Input data section start
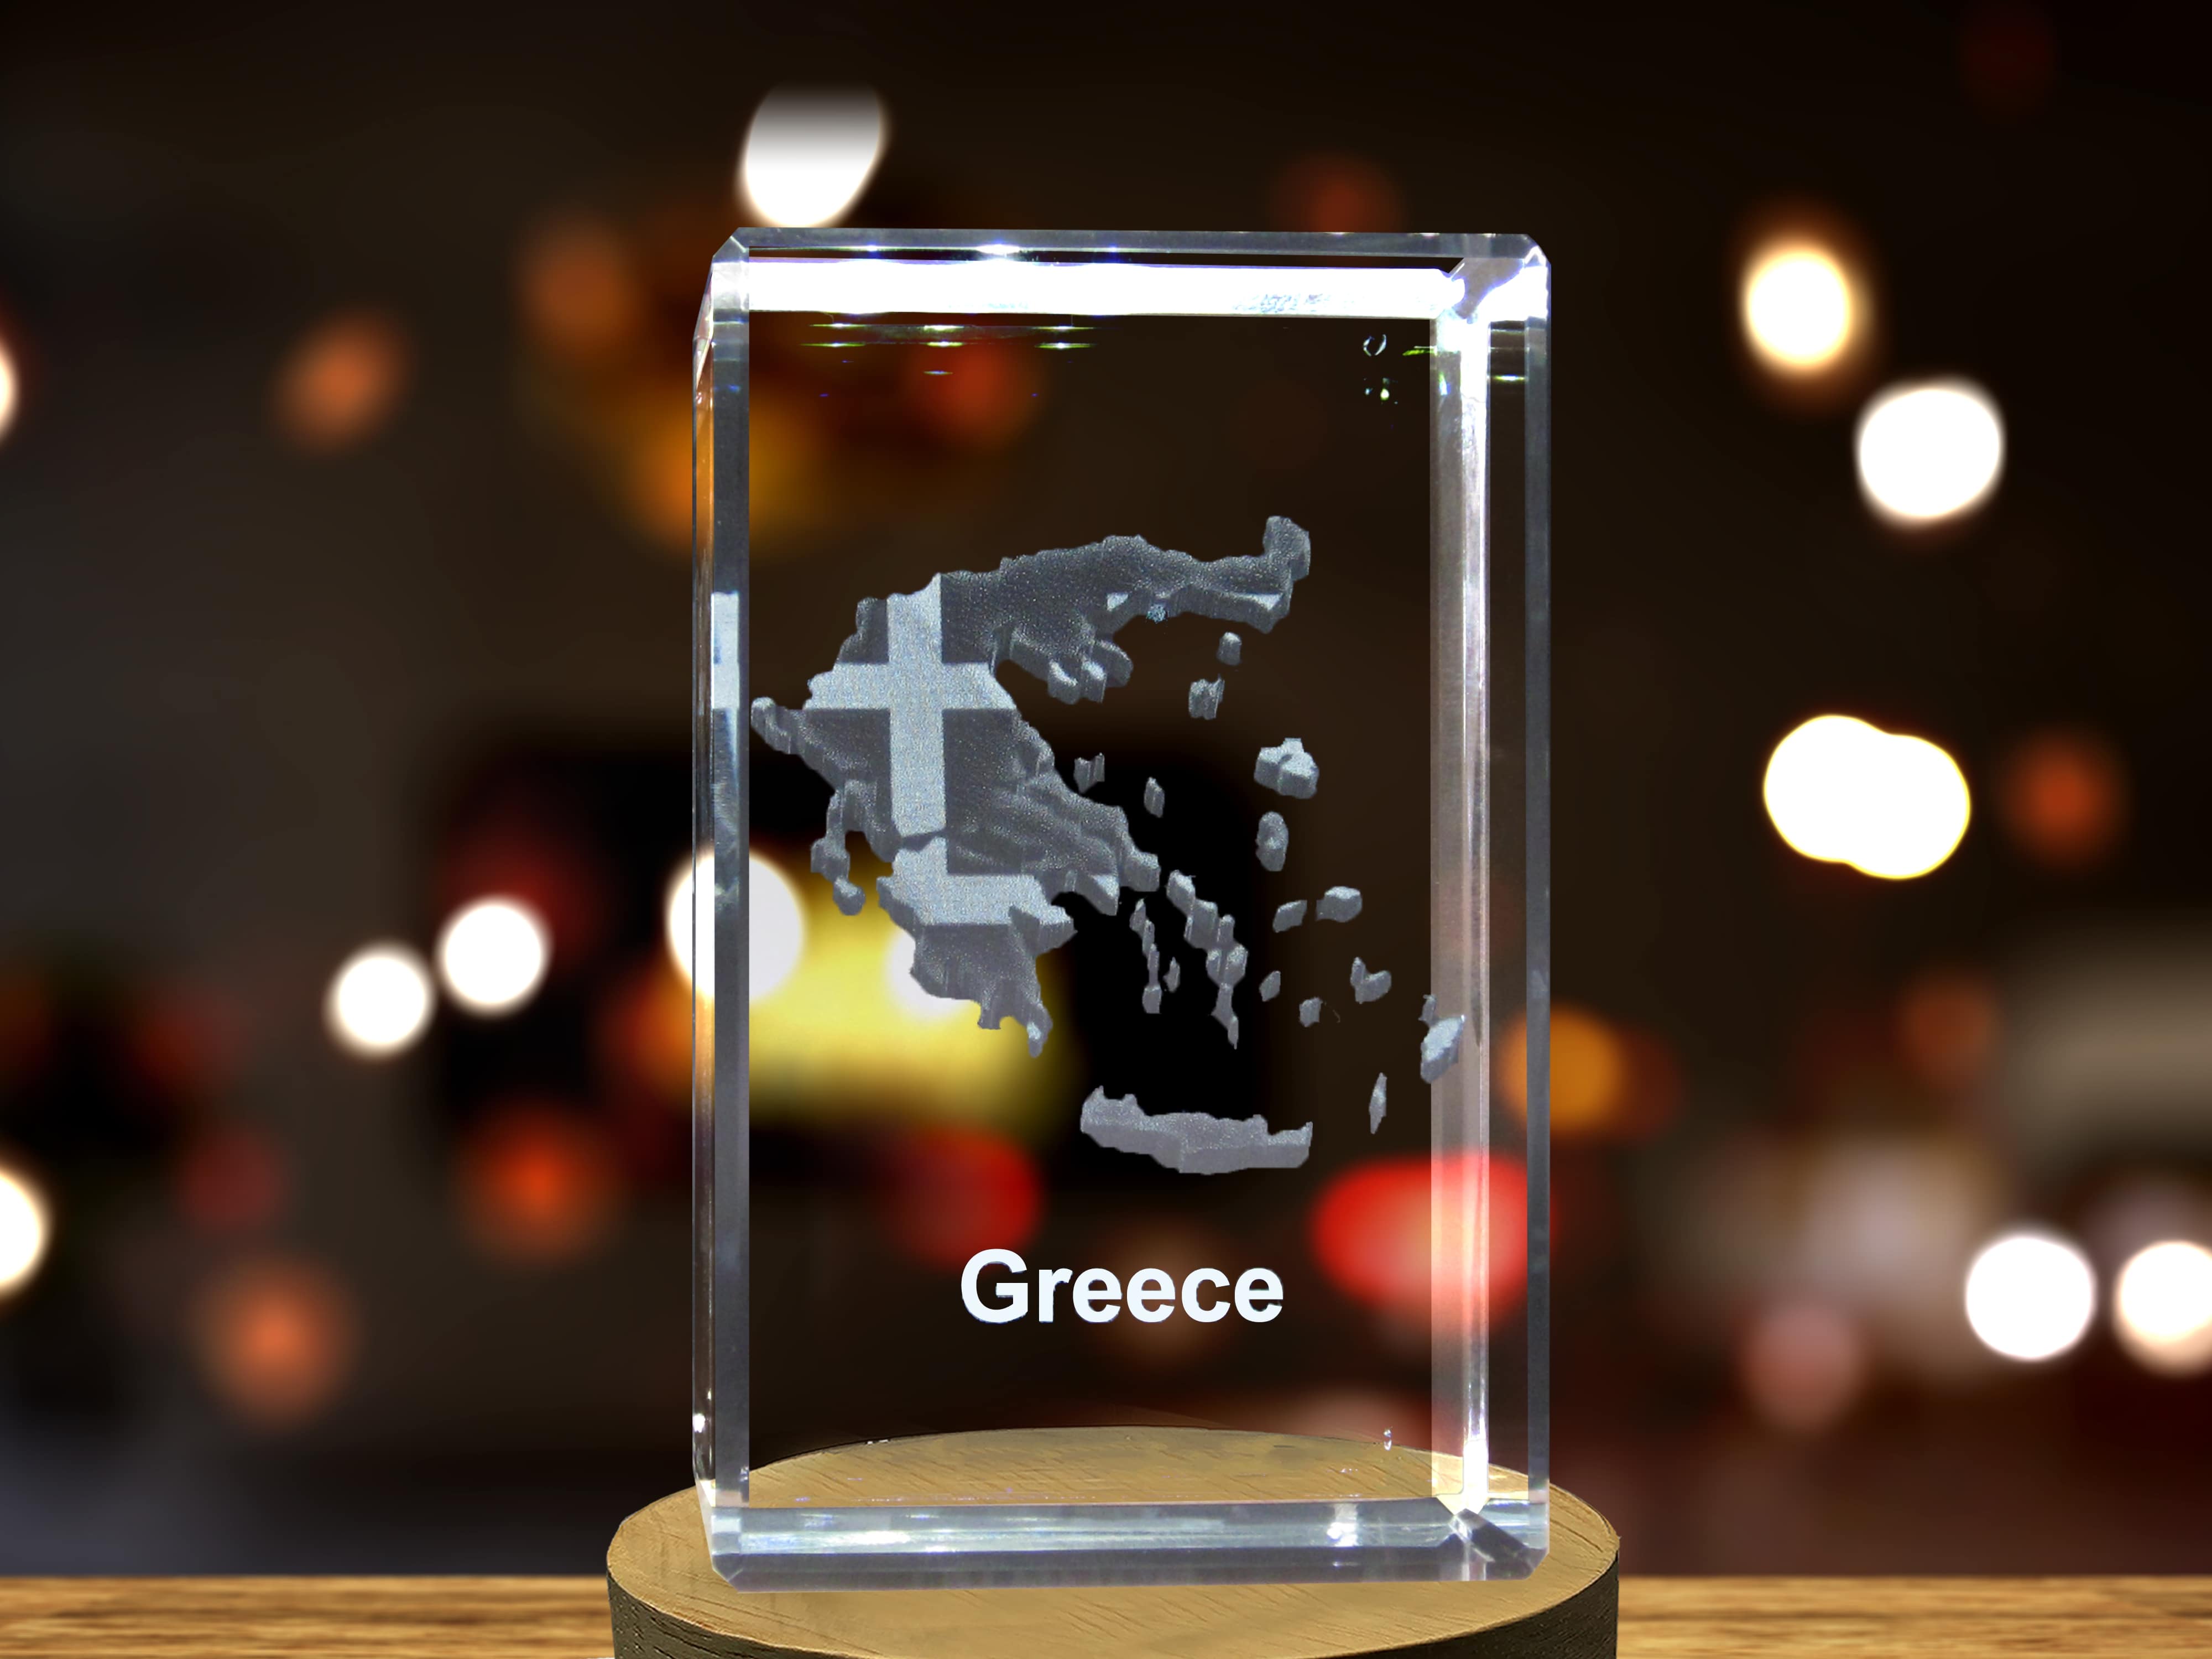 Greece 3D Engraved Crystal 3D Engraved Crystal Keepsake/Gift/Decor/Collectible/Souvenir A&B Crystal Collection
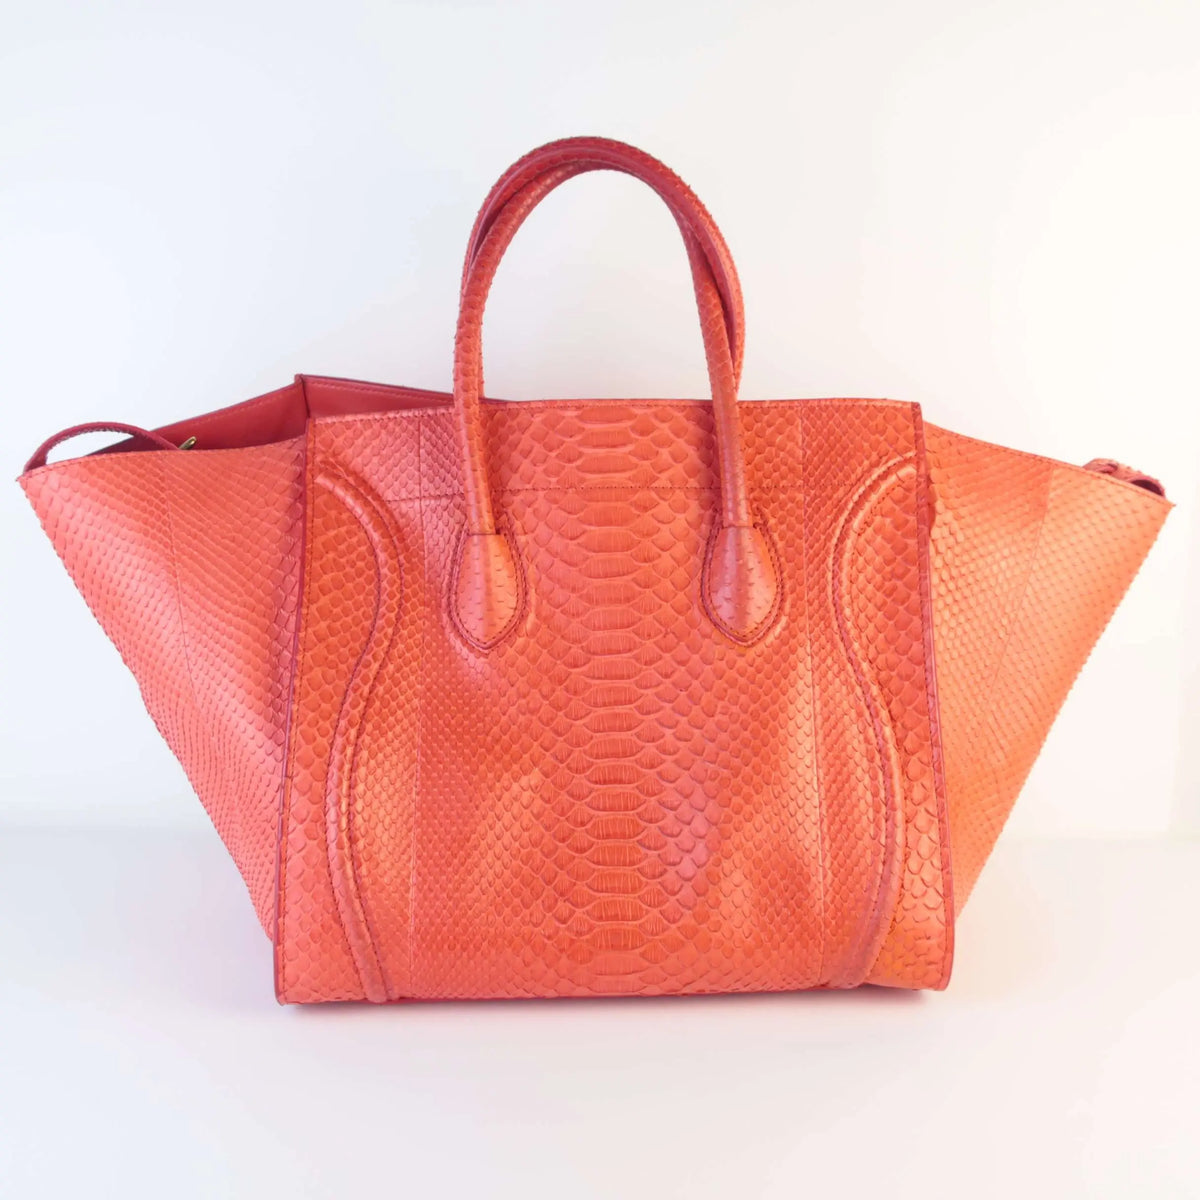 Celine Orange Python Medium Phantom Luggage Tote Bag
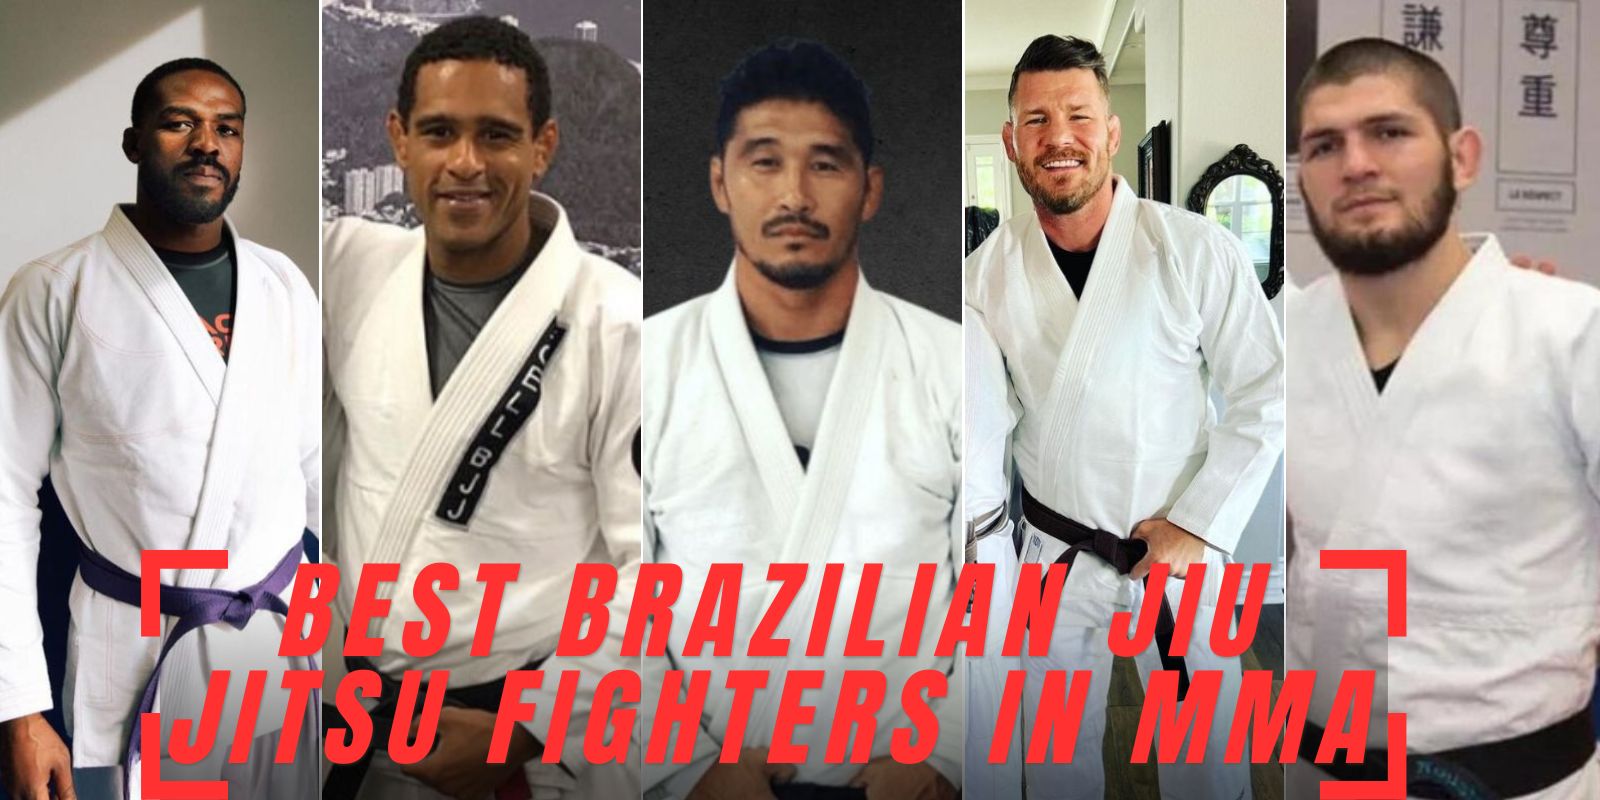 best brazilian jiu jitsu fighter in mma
Input data section end
Assignment:
Without any pictures, transcribe the listing above exactly as written.

Exercise output:
 Greece 3D Engraved Crystal 3D Engraved Crystal Keepsake/Gift/Decor/Collectible/Souvenir A&B Crystal Collection
 Celine Orange Python Medium Phantom Luggage Tote Bag
 best brazilian jiu jitsu fighter in mma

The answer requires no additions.